→ **WHAT THIS TASK INVOLVES**
Word for word, reproduce each line of the data below, omitting every image.

→ **COLLECTED DATA**
──────
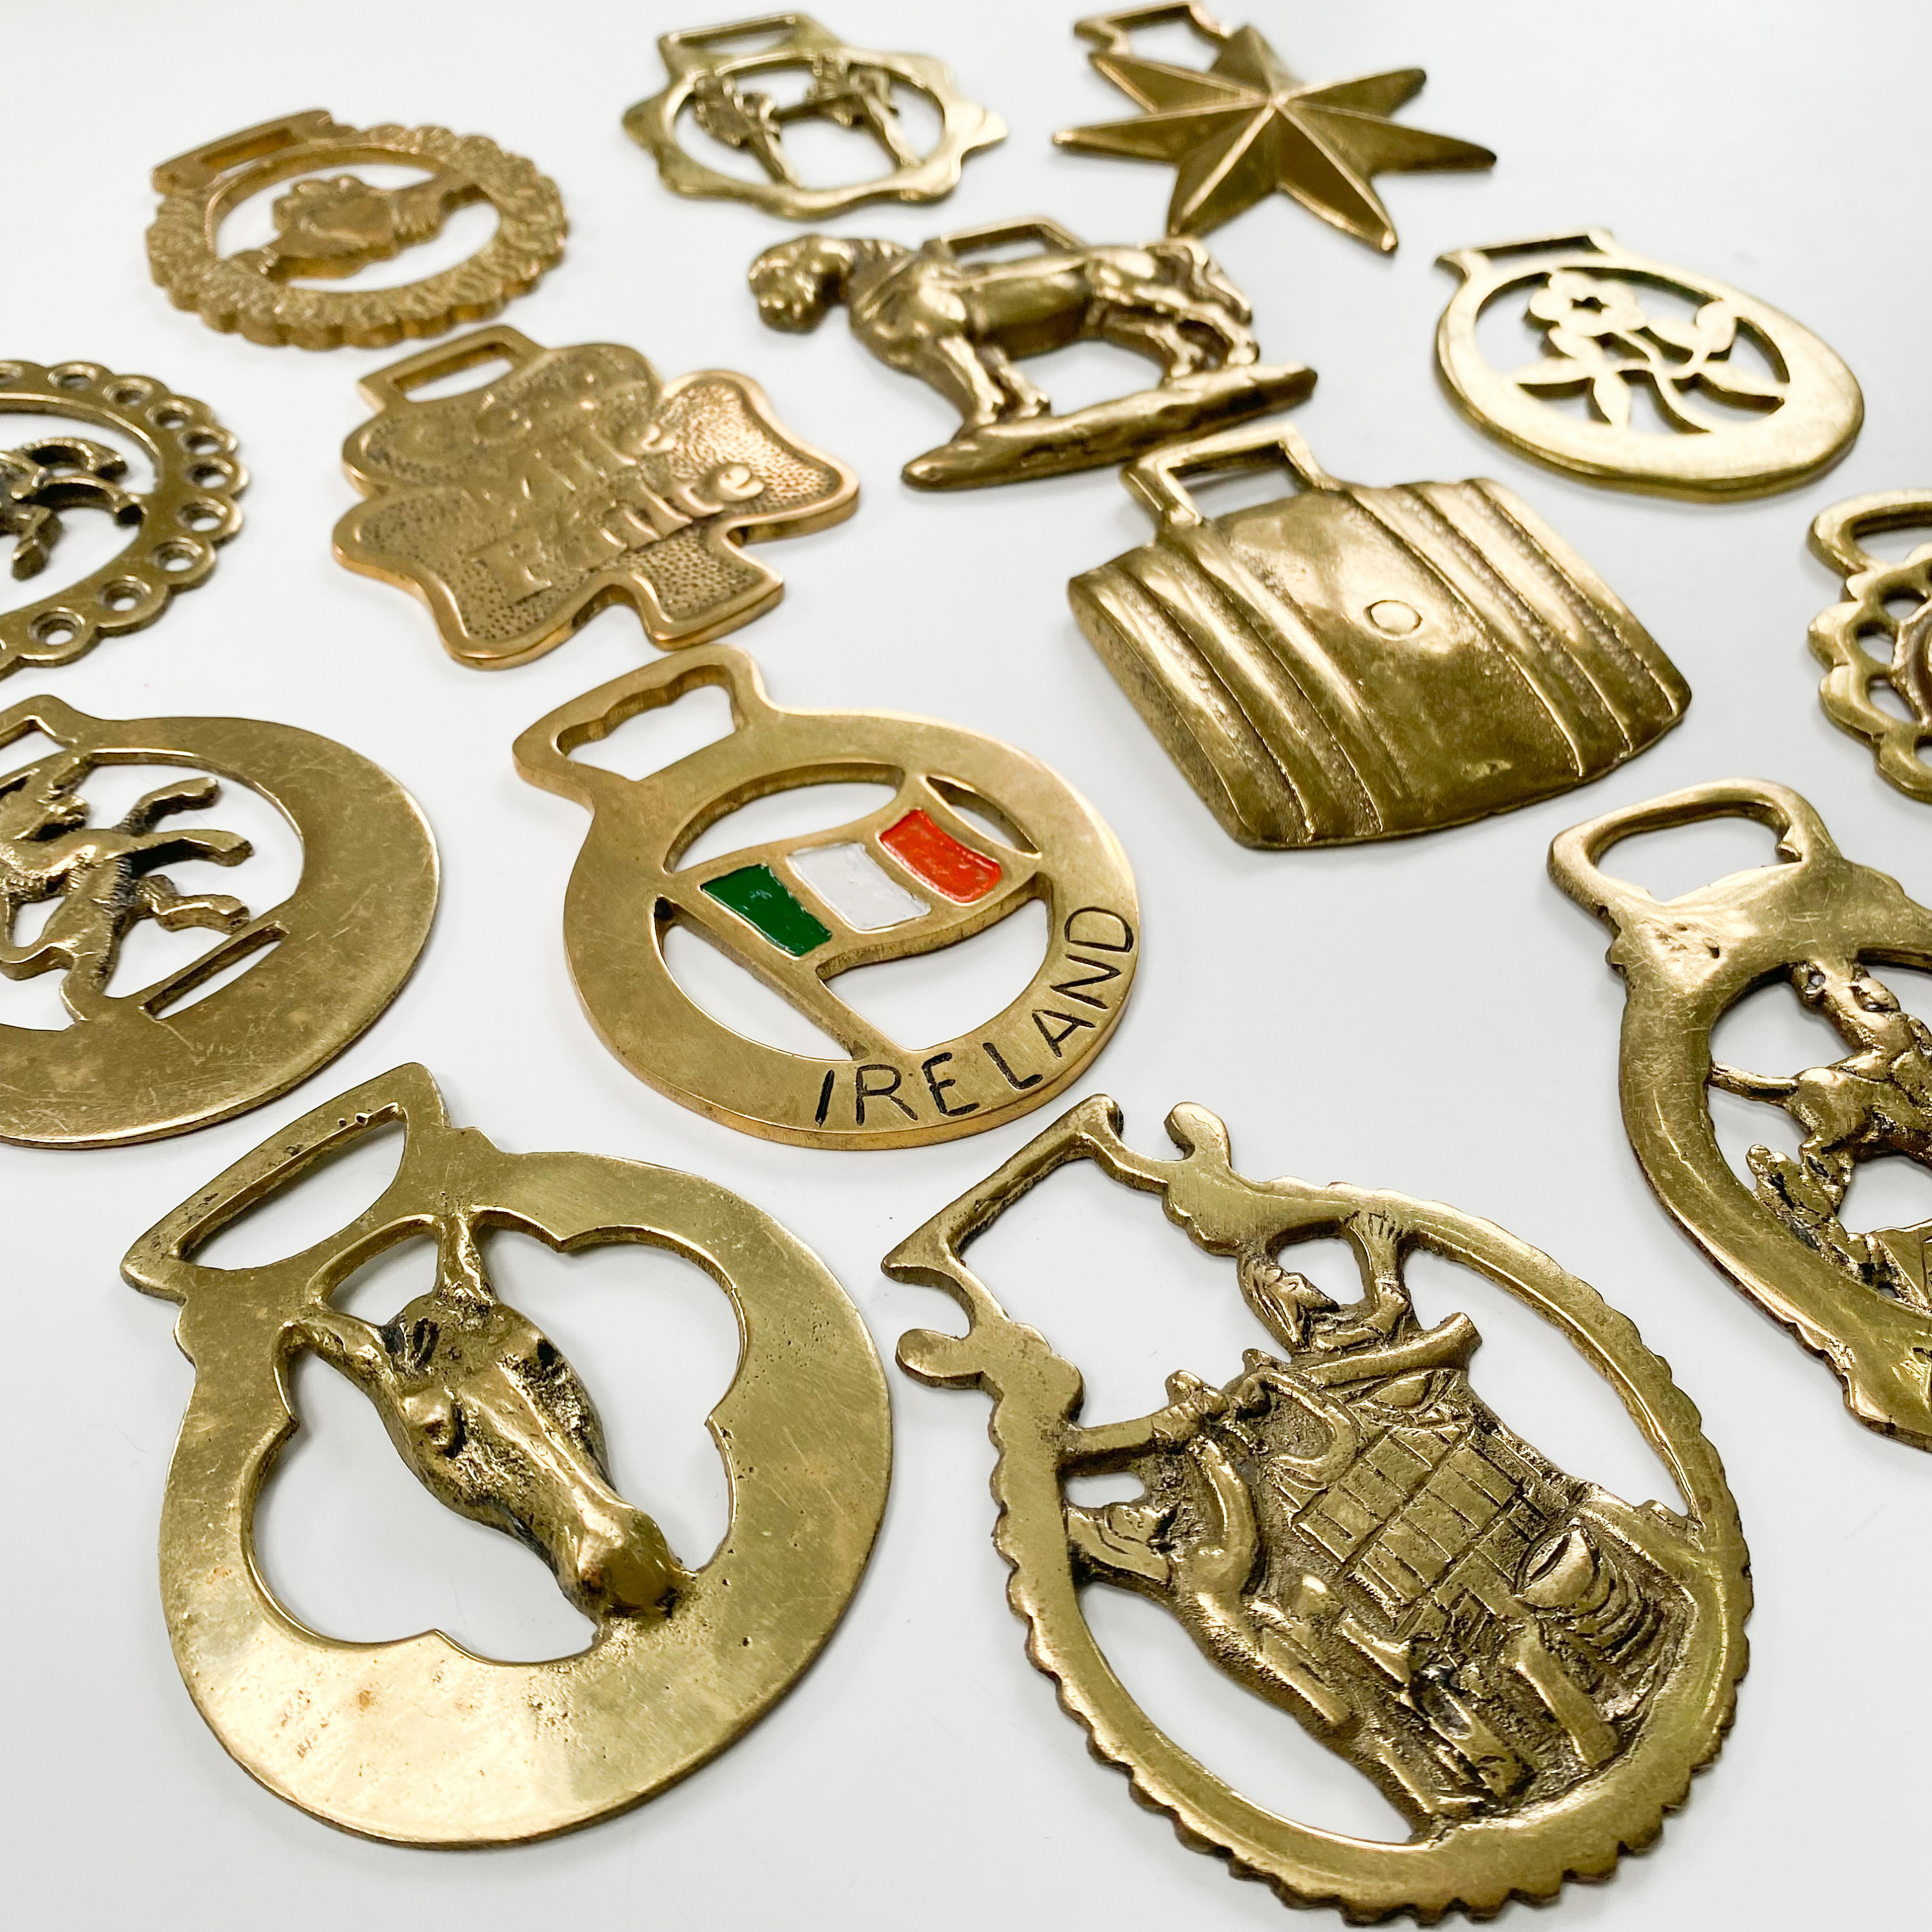 Vintage English Horse Brass Medallions Sold Individually, Brass Bridle  Harness Medals, Antique Vintage Horse Brass Ornaments Made in England 
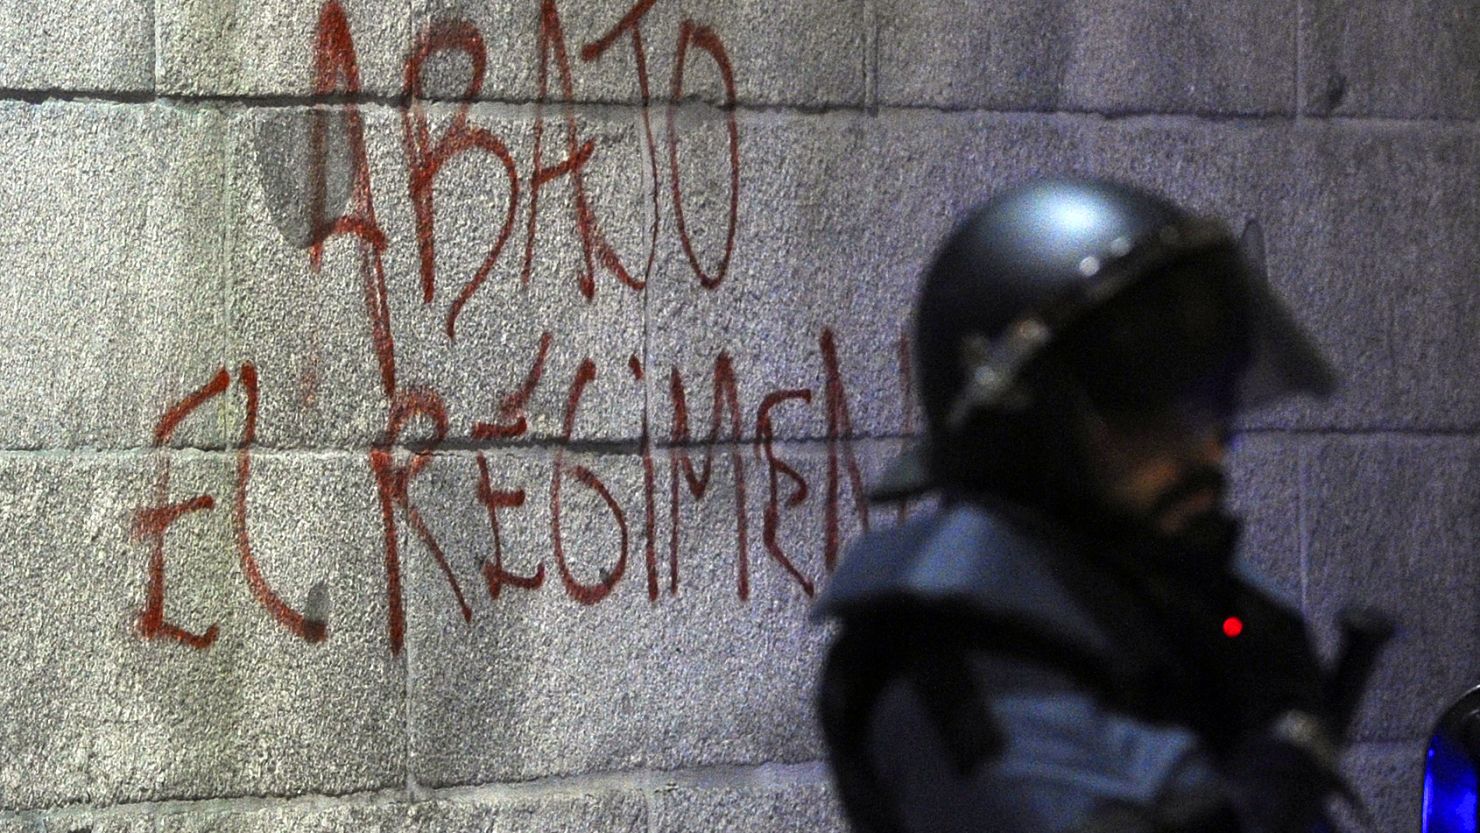 Graffiti says "Down with the regime" on Spain's parliament building near a riot officer during a protest before elections this month.
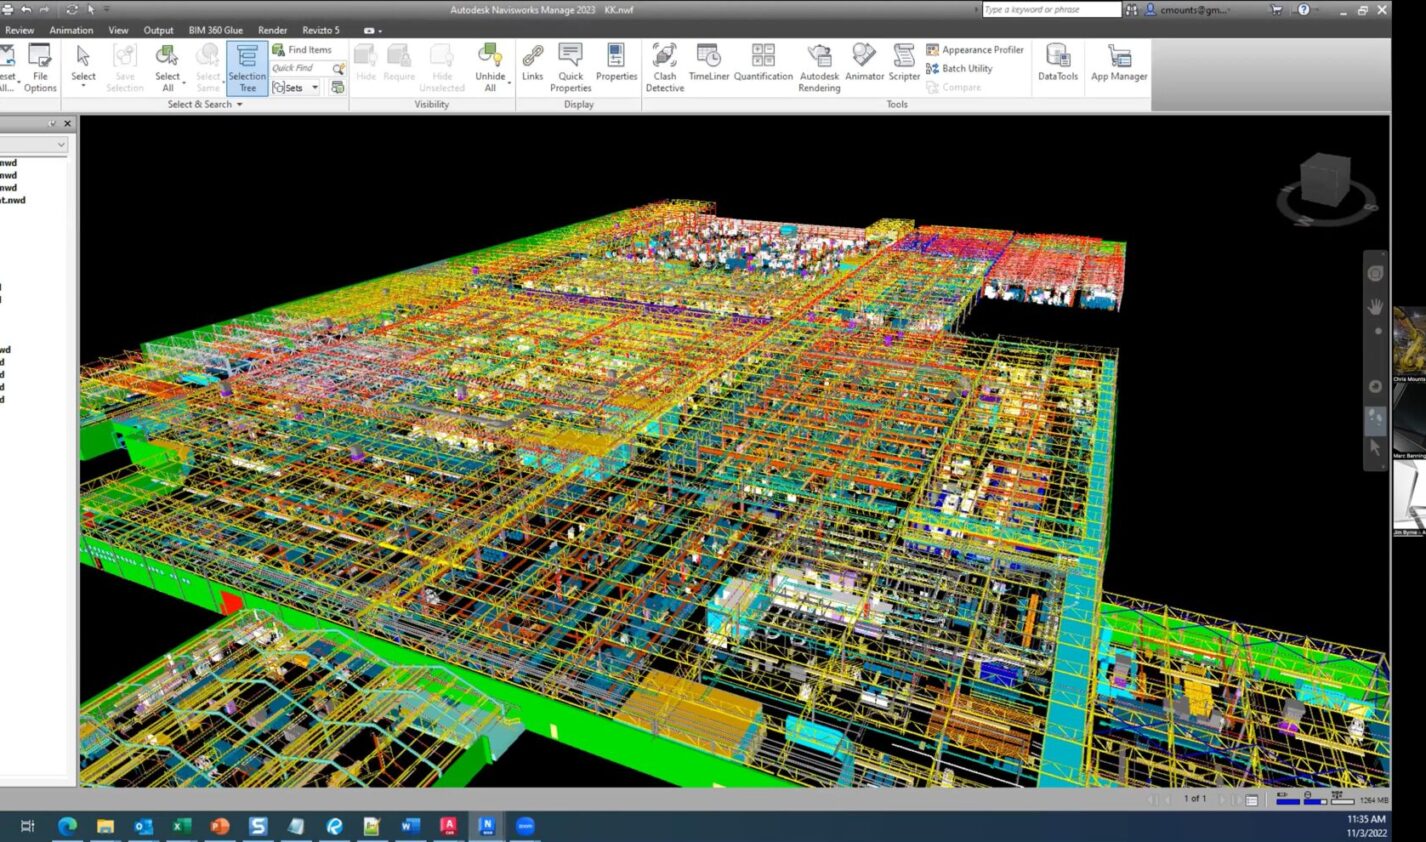 Screenshot of a Zoom webinar with three presenters sharing a large-scale factory model in Navisworks software
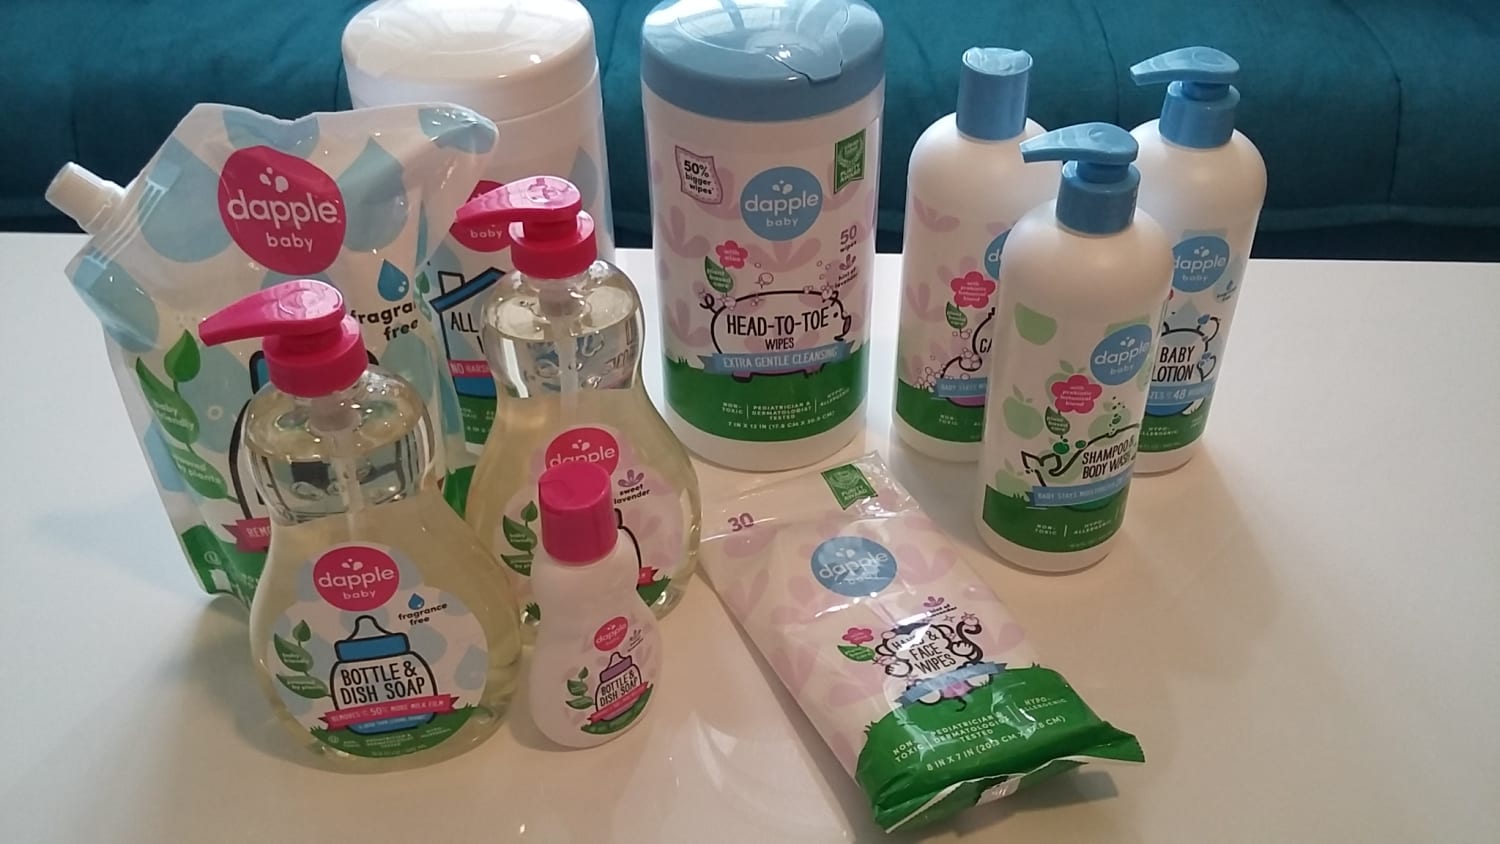 Dapple Baby Plant-Based Household and Personal Care Products
──────
→ **EXERCISE ANSWER**
 Vintage English Horse Brass Medallions Sold Individually, Brass Bridle  Harness Medals, Antique Vintage Horse Brass Ornaments Made in England 
 Graffiti says "Down with the regime" on Spain's parliament building near a riot officer during a protest before elections this month.
 Screenshot of a Zoom webinar with three presenters sharing a large-scale factory model in Navisworks software
 Dapple Baby Plant-Based Household and Personal Care Products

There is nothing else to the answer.